という声に、了解、と。魔力で作った光でサインを出す。


ピシュンッ!


そんな音と共に、僕たちと対峙していた巨獣の眉間に一筋の光が差す。


ガゥァ・・・という、当惑めいた声と共に、その巨獣の身体は地に伏した。


「良くやったぞクリス!!偉いぞ!!」


と、頭を撫でてくれるのは女神様こと、イルミナさんだった。


そしてイルミナさんの掌の上で、僕が喜びを身体で体現していると。


ハンサムな声が聞こえてきた。


「本格的に懐いてるな・・・お前がこんなに懐かれるなんて、珍しい事もあったもんだ。

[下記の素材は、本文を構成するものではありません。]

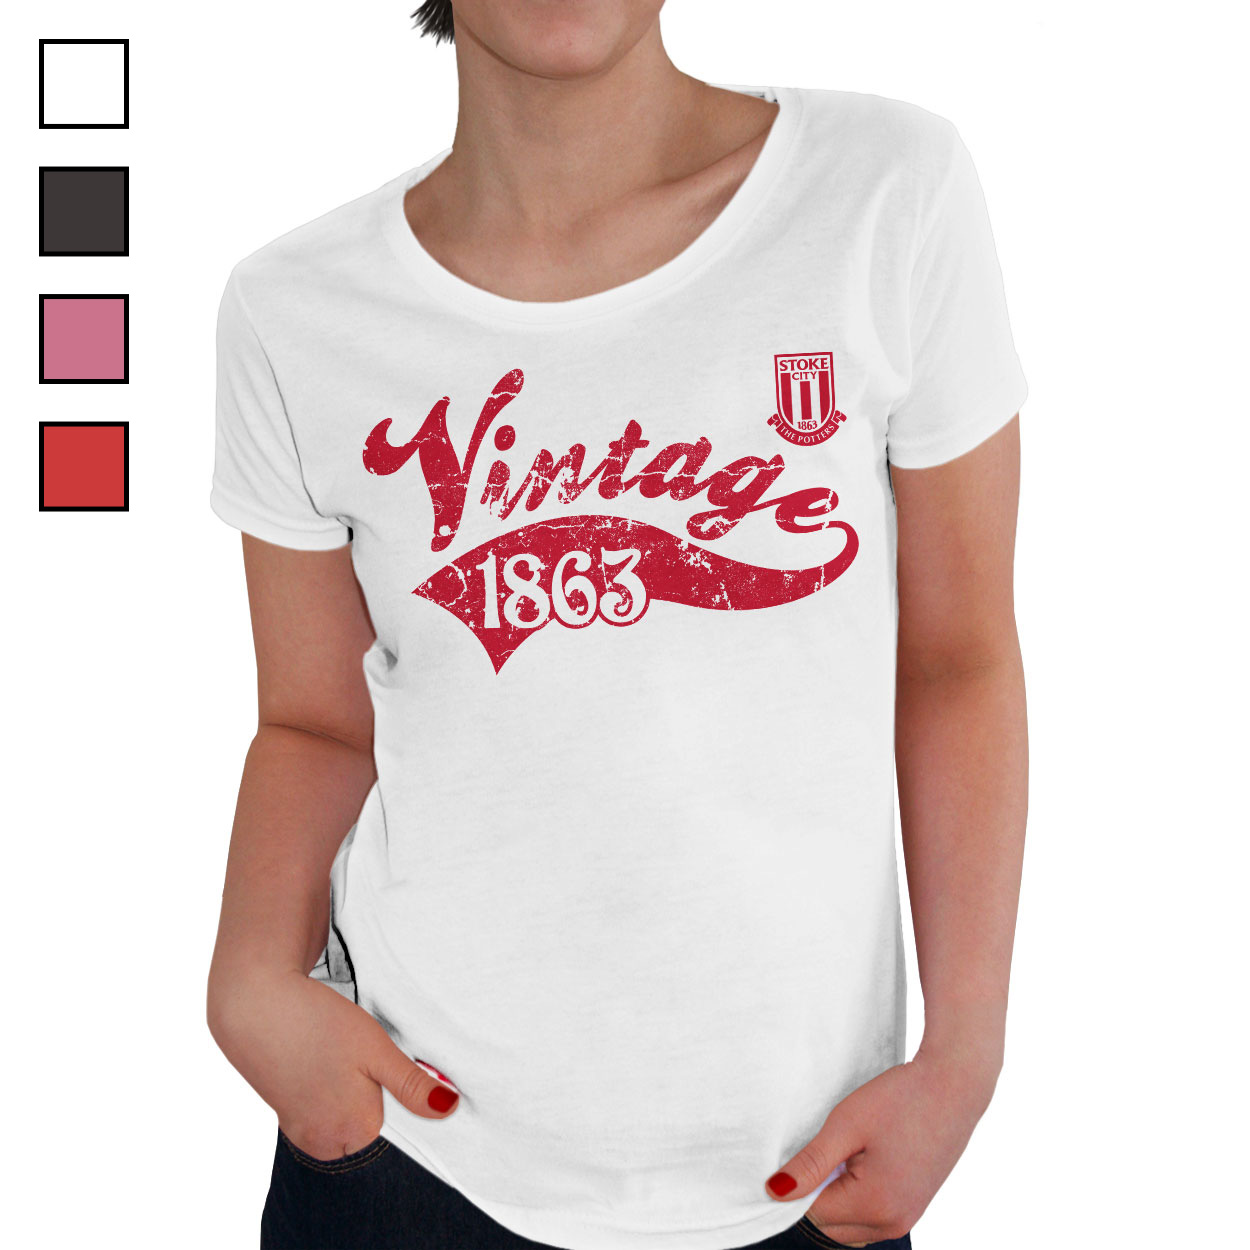 Stoke City FC Ladies Vintage T-Shirt
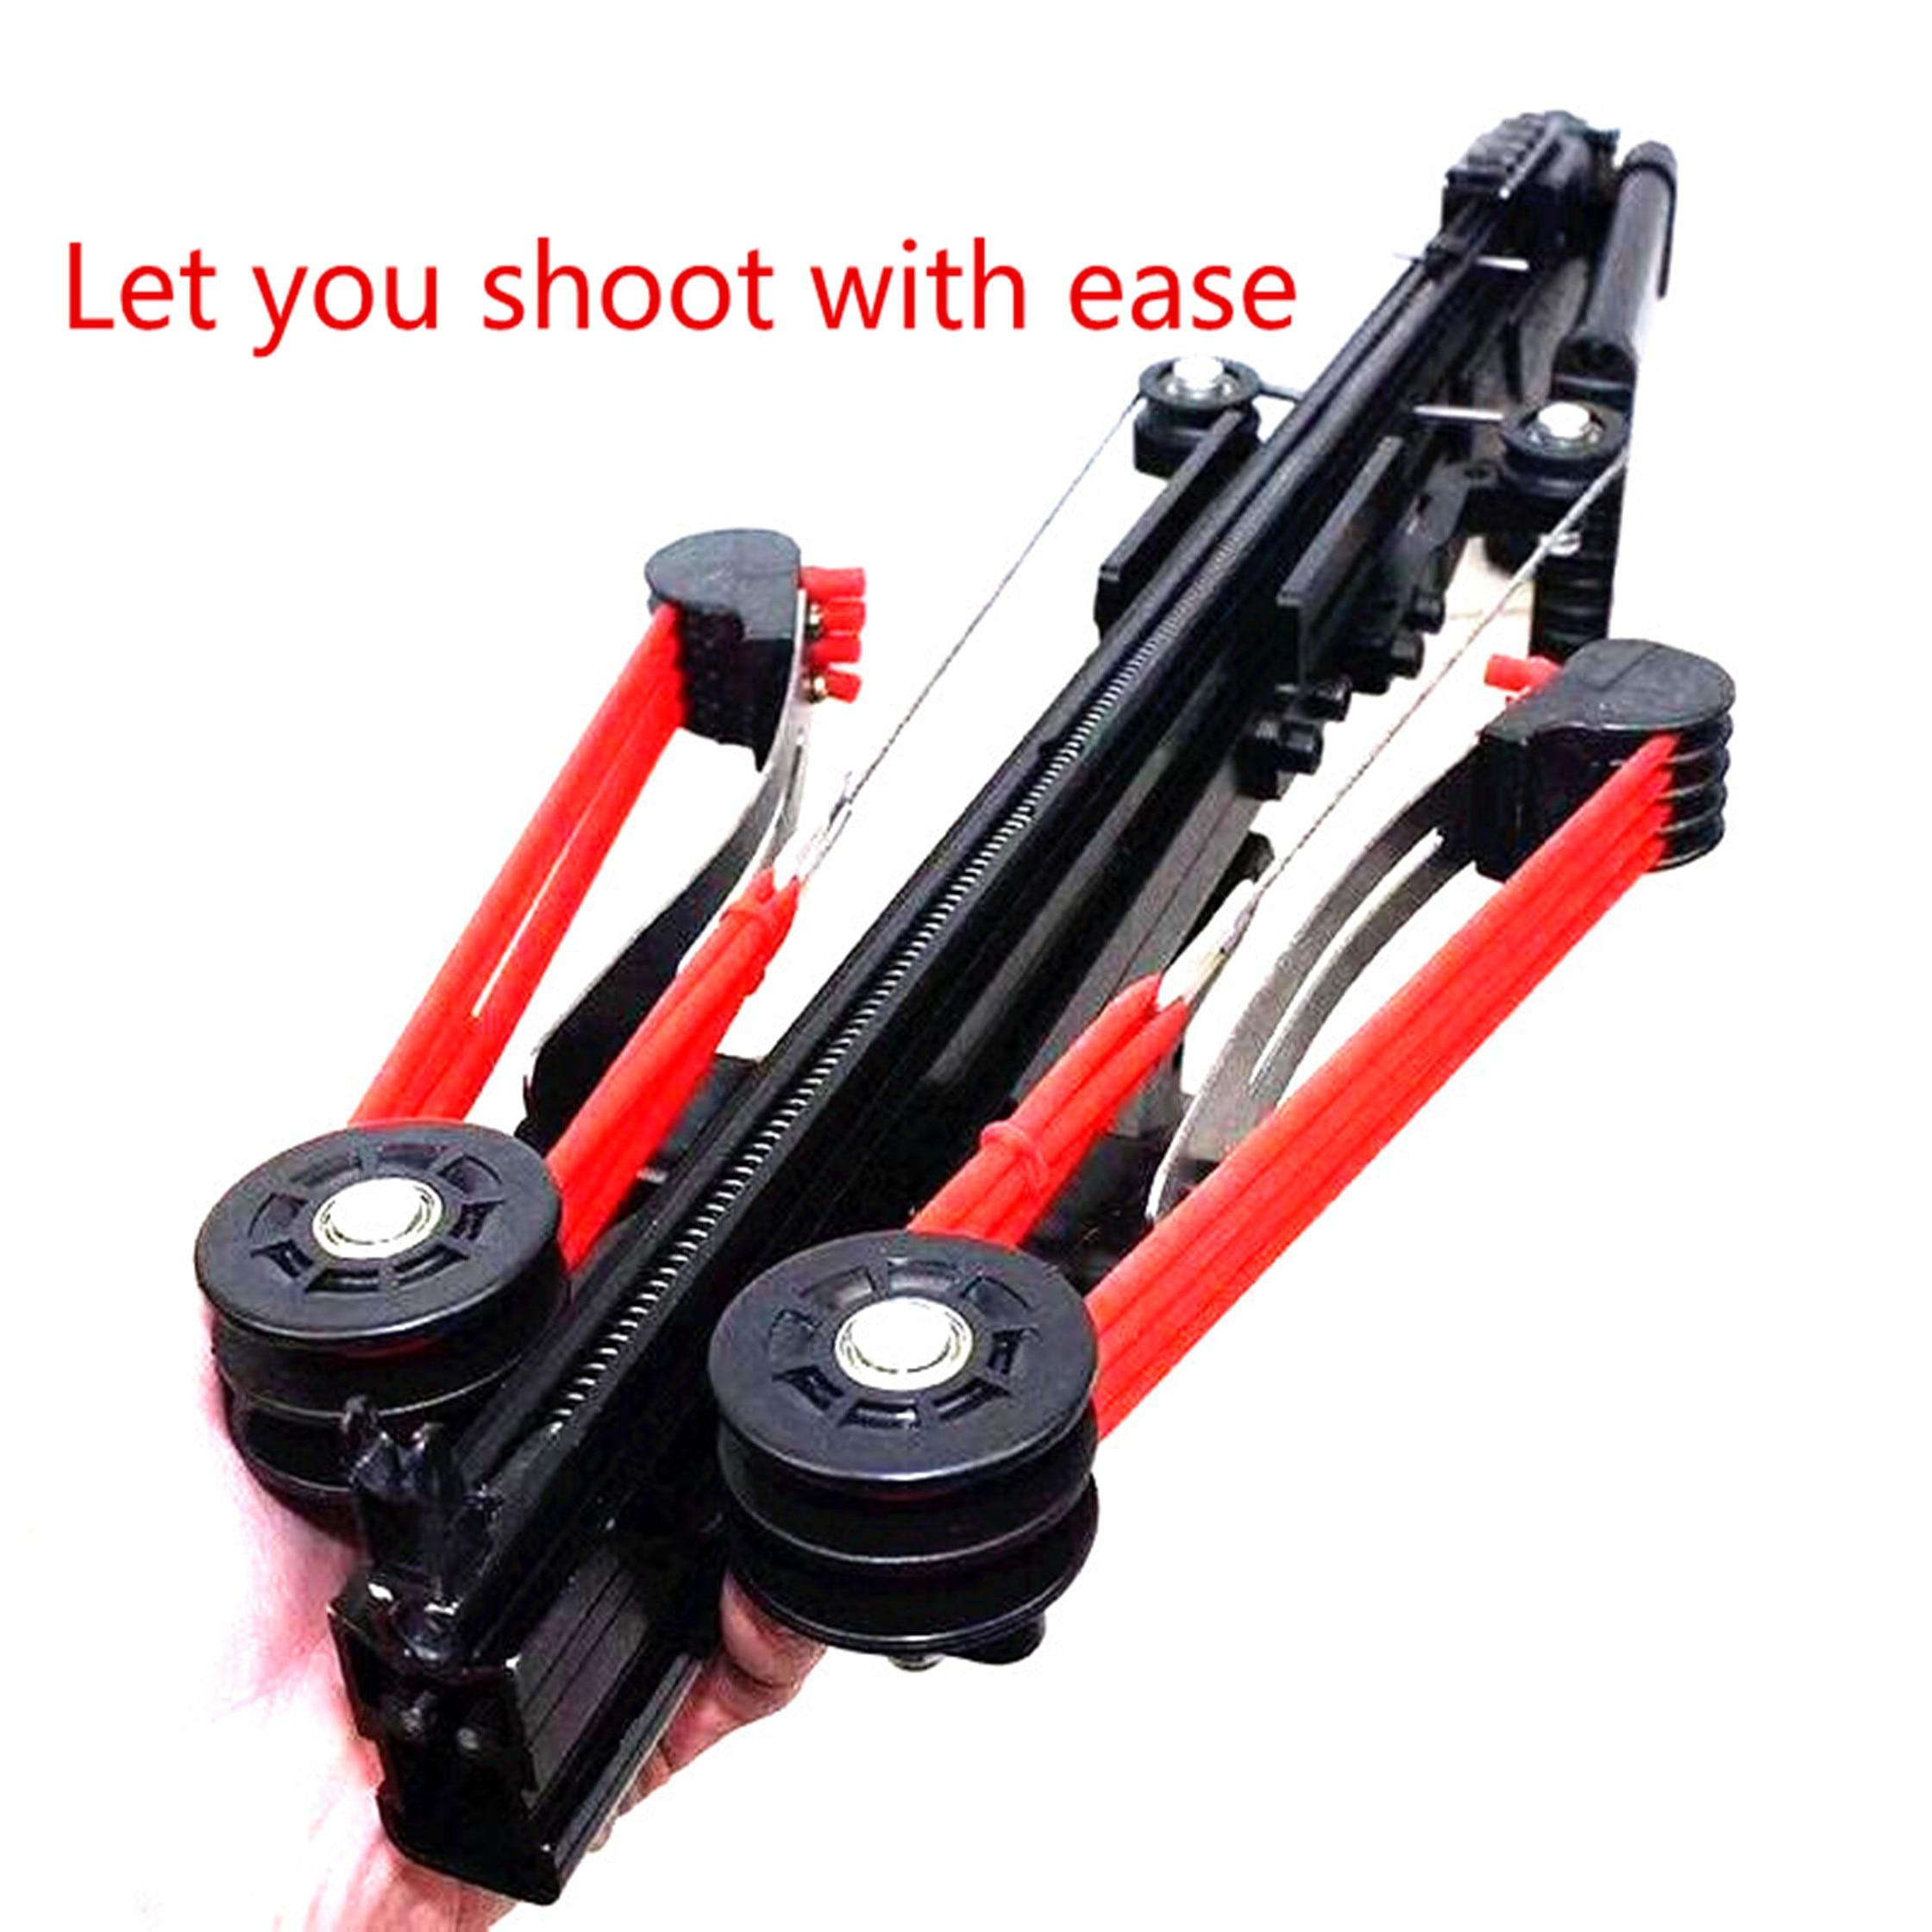 Neptune 11 Slingshot 40BB Shooting Tension Rubber Band Bullets Hunting Slingshot Semi automatic slingshot Continuous shooting

良くやった、クリス」


と。ピカピカと、魔法で光を出してお師匠様にも返事をする。


そういえば、お師匠様の名前をまだ知らない。


お師匠様が僕の女神様の事をイルミナと呼ぶ事はあっても、イルミナさんはお師匠様の事を兄上としか呼ばないのだ。


「ああ、本当に!本当に、愛い奴だ・・・っ」


そういってギュッと力を込めそうになり、ハッとして掌の力を抜く女神様。


イルミナさんは動物に好かれない体質なのかな・・・


抱きしめたい。けど・・・っ、と、その欲求を必死で我慢しているイルミナさんの姿に僕は申し訳なさを覚える。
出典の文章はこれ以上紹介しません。